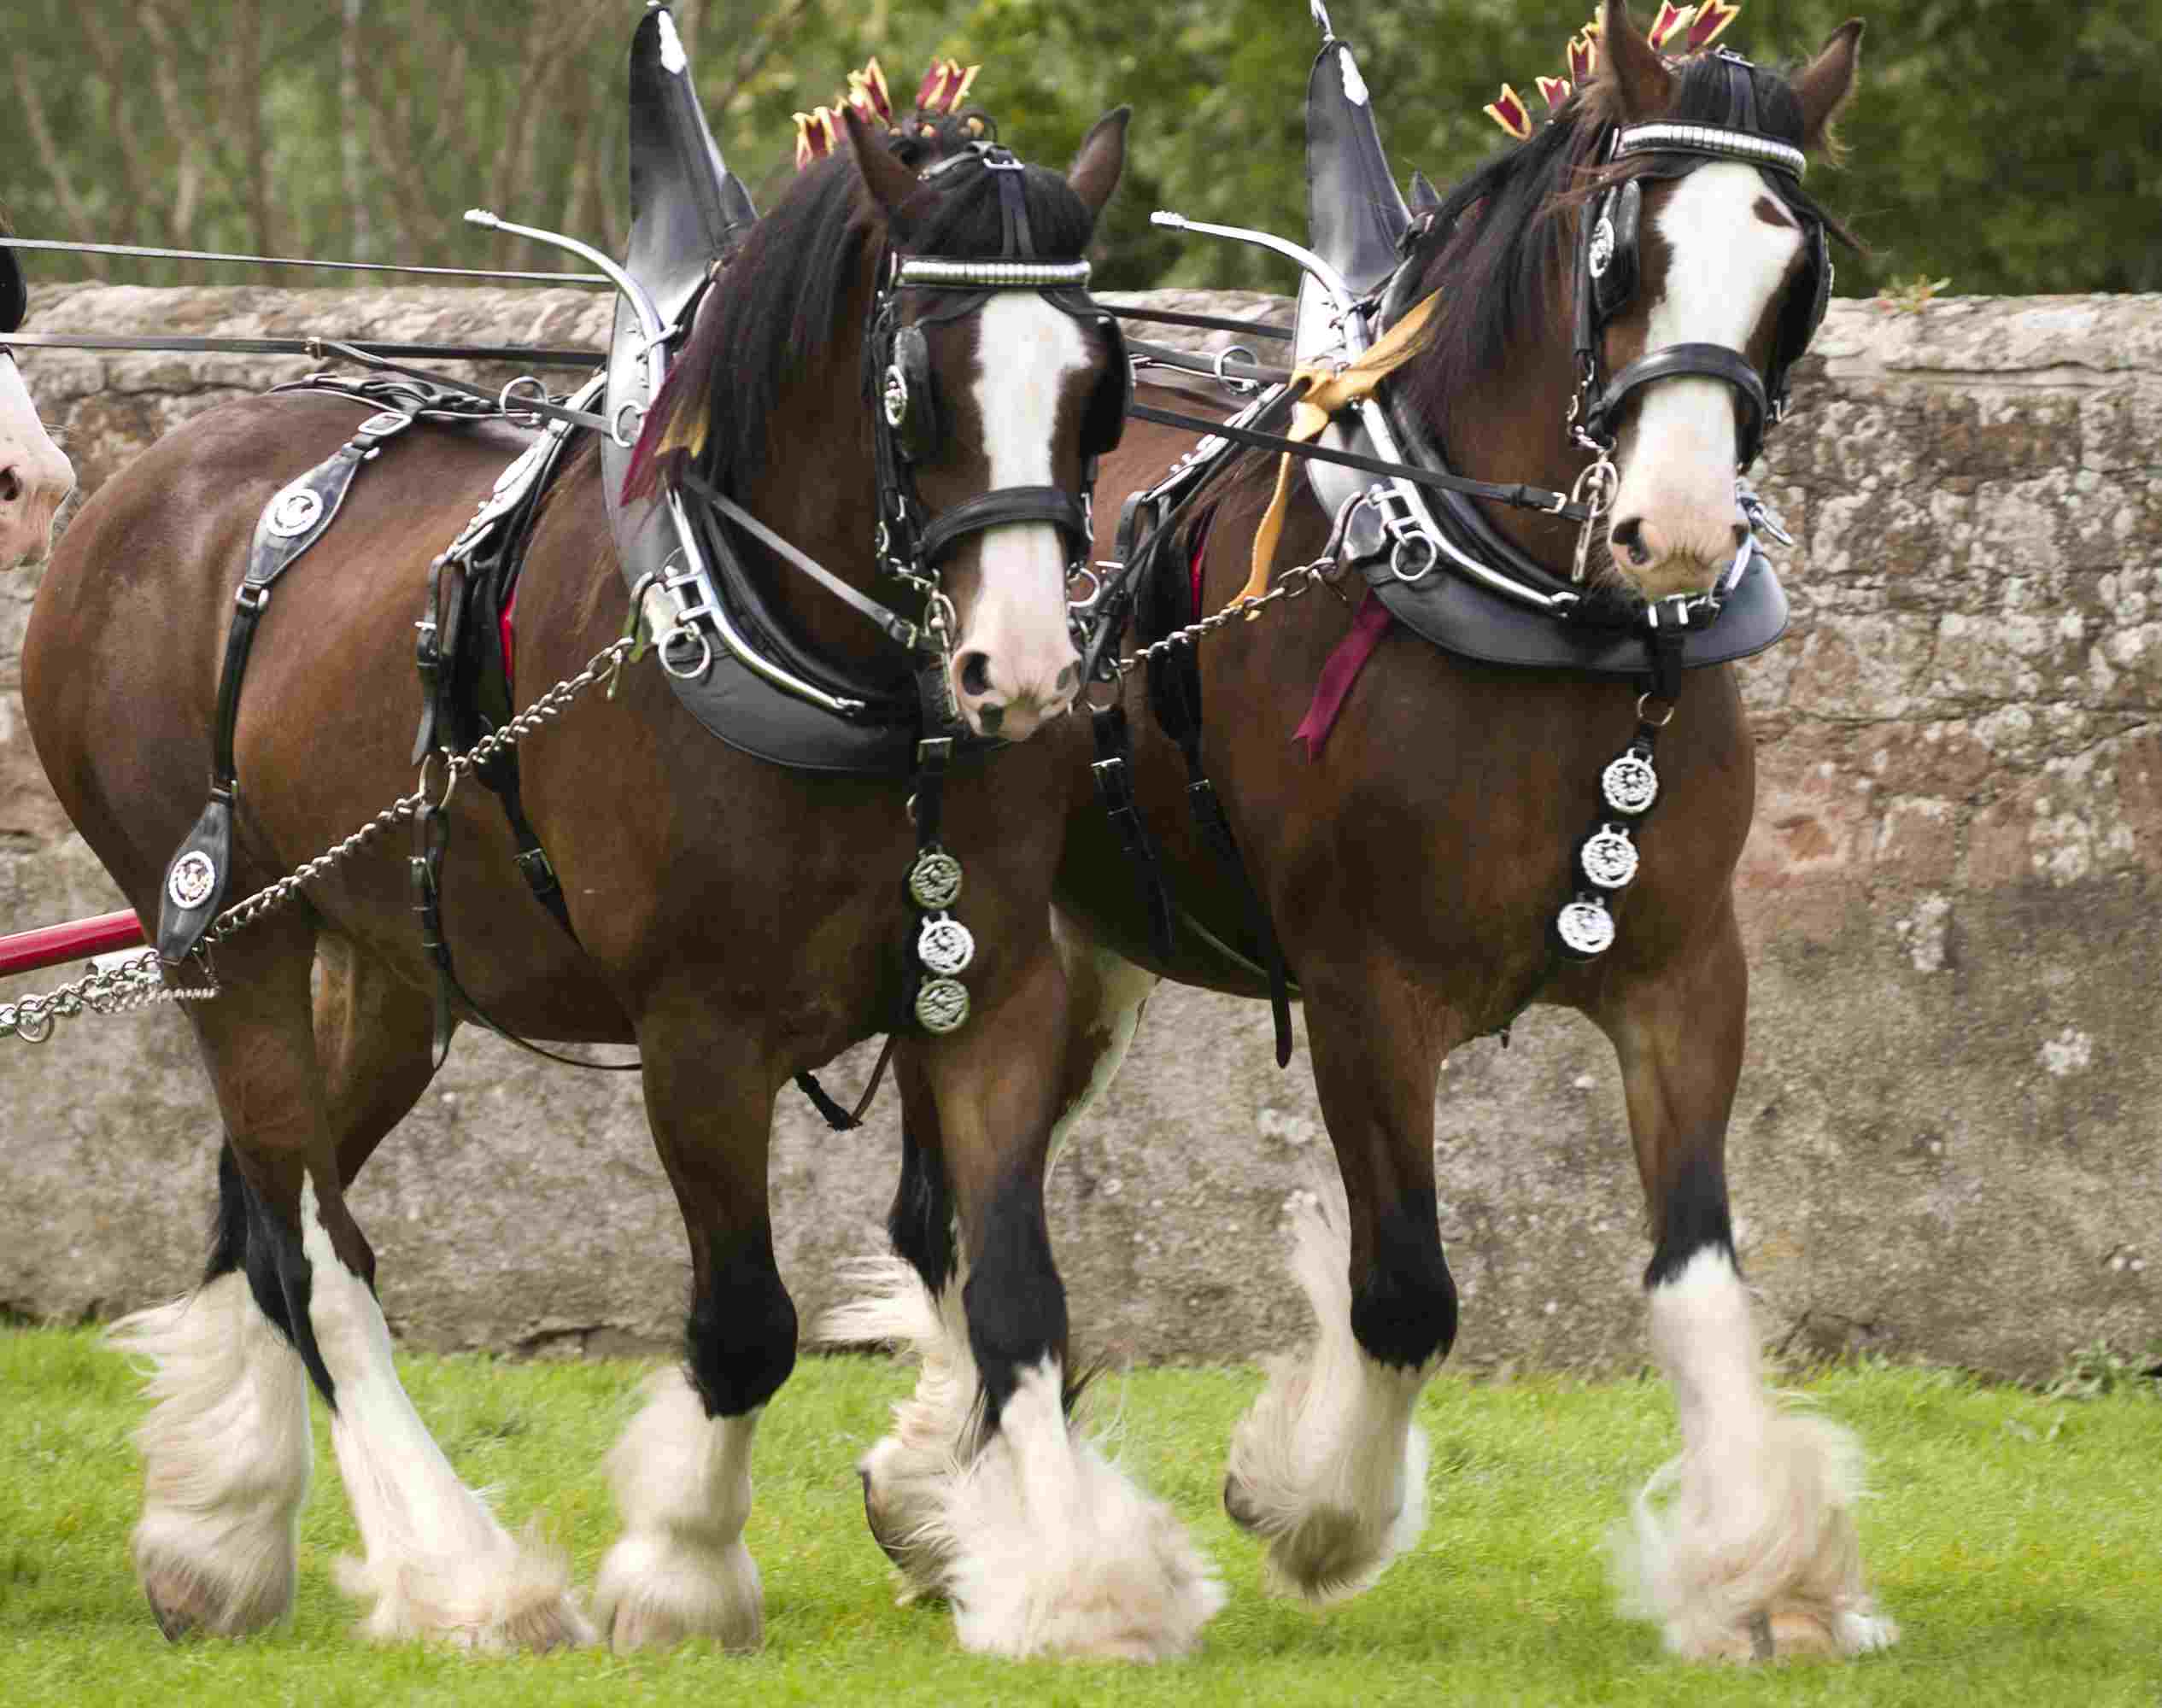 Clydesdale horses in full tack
* * *
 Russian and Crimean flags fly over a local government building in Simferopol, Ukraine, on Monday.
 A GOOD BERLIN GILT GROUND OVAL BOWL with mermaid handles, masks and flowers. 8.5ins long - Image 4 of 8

- **Exercise details**
Given the records above, return exactly the lines starting at the line containing "Russian and Crimean" and ending at the line containing "A GOOD BERLIN", including both.

- **Task answer**
 Russian and Crimean flags fly over a local government building in Simferopol, Ukraine, on Monday.
 A GOOD BERLIN GILT GROUND OVAL BOWL with mermaid handles, masks and flowers. 8.5ins long - Image 4 of 8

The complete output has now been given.